On April 13, 1988, Douglas Cárdente, on behalf of Cárdente Properties and The Sheridan Corporation, entered into a construction contract under which Sheridan was to perform certain construction work on the Center Street building.
On May 19, 1988, Douglas Cárdente, as landlord, and MNB, as tenant, entered into a ten year lease (“Lease”) for a portion of the Project at a base rent of $44,010 per year, subject to escalators of 3% per year. This rent reflected above-market rental rates.
On June 2, 1988, MNB held a closing on the $965,000 loan, which was designated by the Bank as a loan “for construction of an office and rental facility.” At the closing, Defendants executed and delivered to MNB the Note for $965,000, the Mortgage for $965,000 as security for the Note, and the Agreement.

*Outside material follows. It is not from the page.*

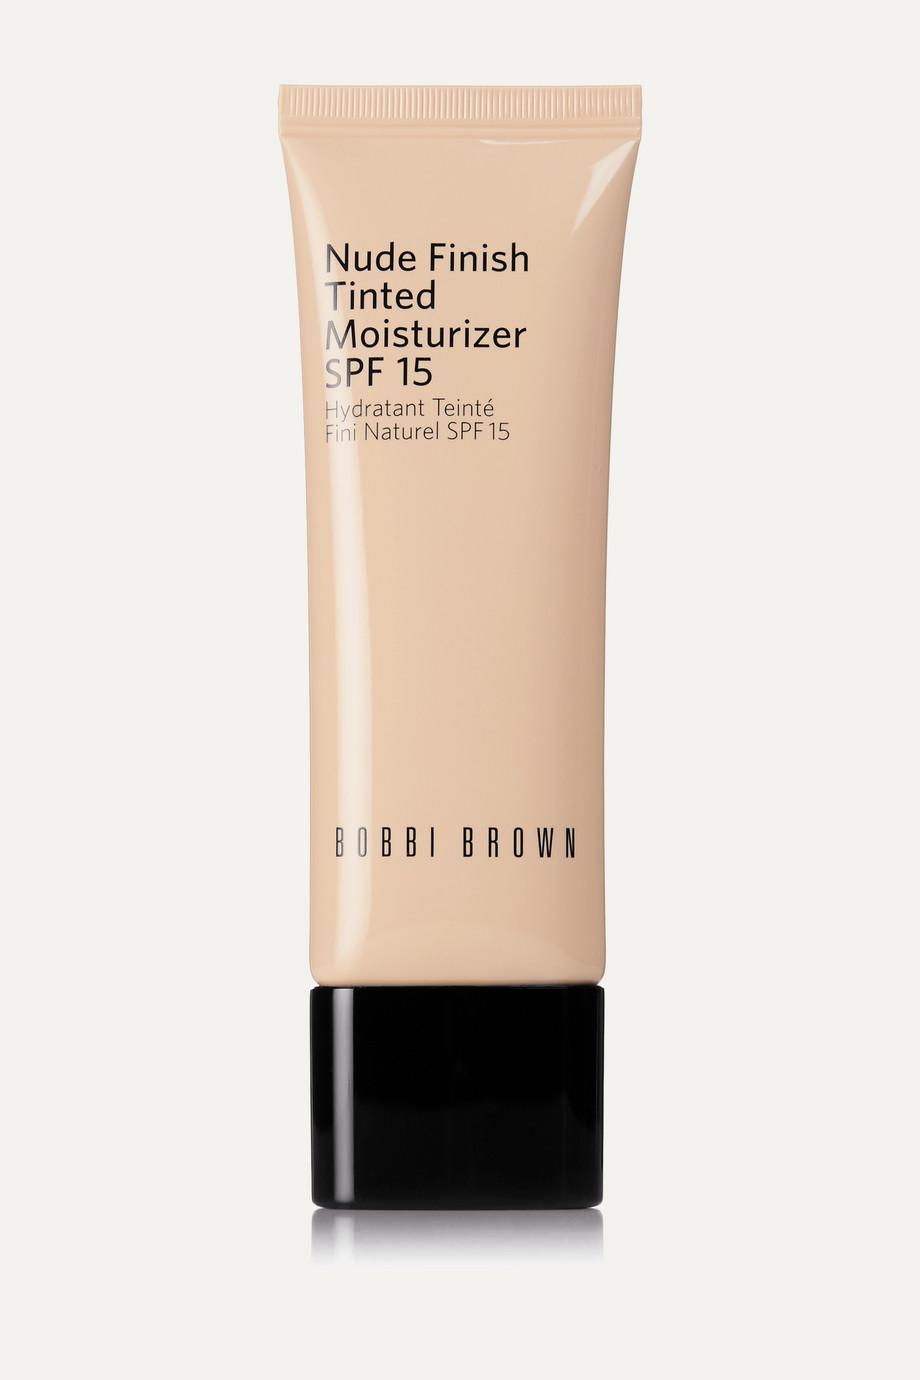 Bobbi Brown Nude Finish Tinted Moisturizer SPF15 - Medium Tint
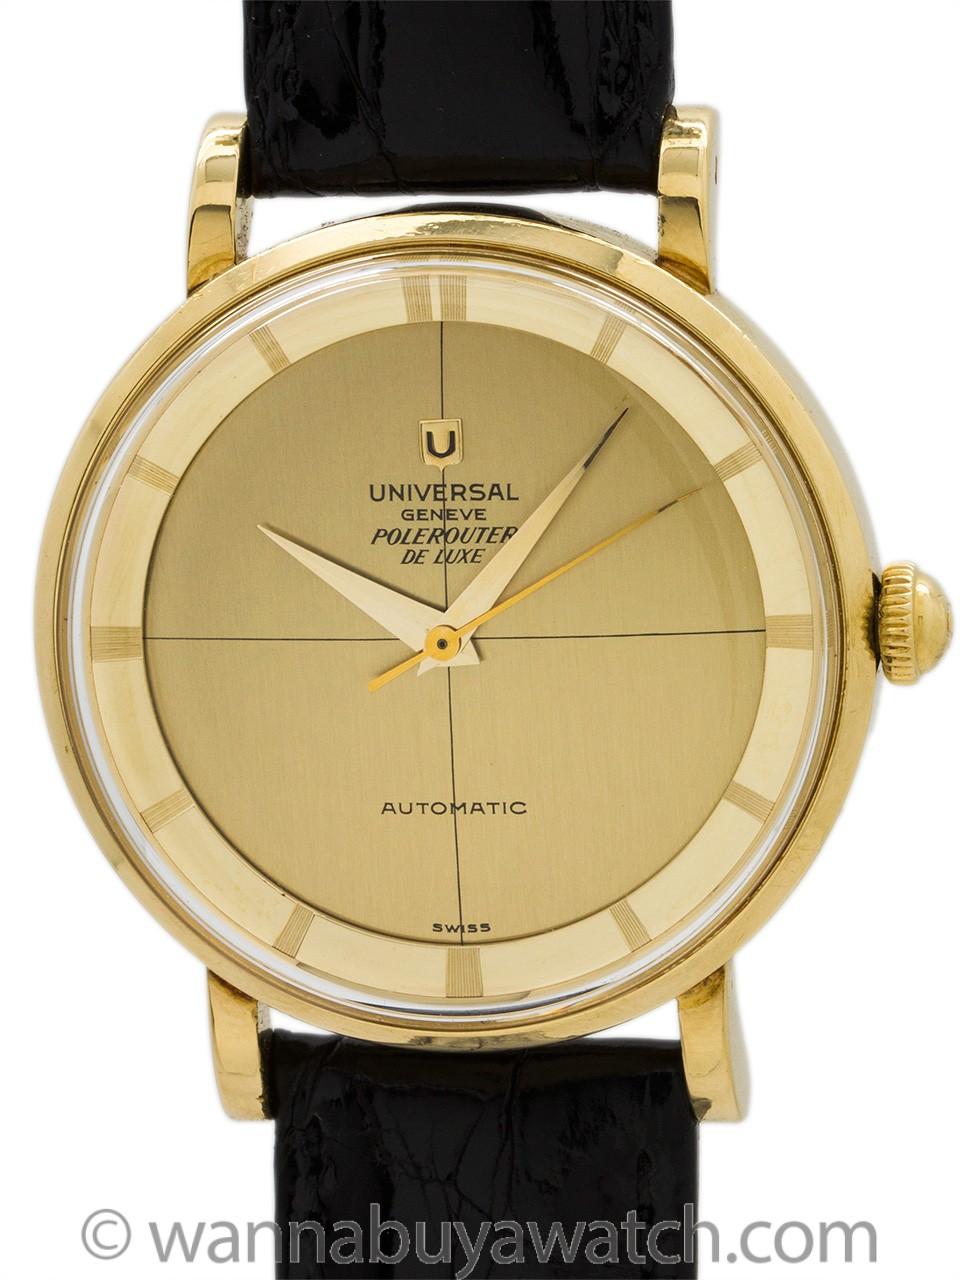 Universal Geneve Pole Router De Luxe Chronometer circa 1960's

Certain documents, including the Lease, Note, Mortgage, and Commitment Letter, were incorporated with a cover sheet by MNB’s counsel into a single binder, which MNB maintained as an official record.
On July 19, 1991, the FDIC, in its capacity as Receiver, notified Douglas Cárdente by letter that it was disaffirming the Lease effective December 1, 1991. In the interim, Fleet Bank took possession of the premises, paid the rent beginning in September 1991 and operated out of the premises extending beyond December 31, 1991. On August 28, 1991, Cárdente wrote to Fleet Bank advising it that the Project was “built specifically” for MNB, that the financing arrangement was one contract with the Lease, and that it would not have been entered into if MNB had not simultaneously agreed to be the “anchor tenant.” He objected to the purported rejection of the Lease and that the loan could not be serviced without MNB as the “anchor tenant.”
On October 16, 1991, Cárdente filed a Proof of Claim with the FDIC, claiming damages relating to the disaffirmance of the Lease. By letter dated November 20, 1991, the FDIC notified Cárdente that it had denied his claim.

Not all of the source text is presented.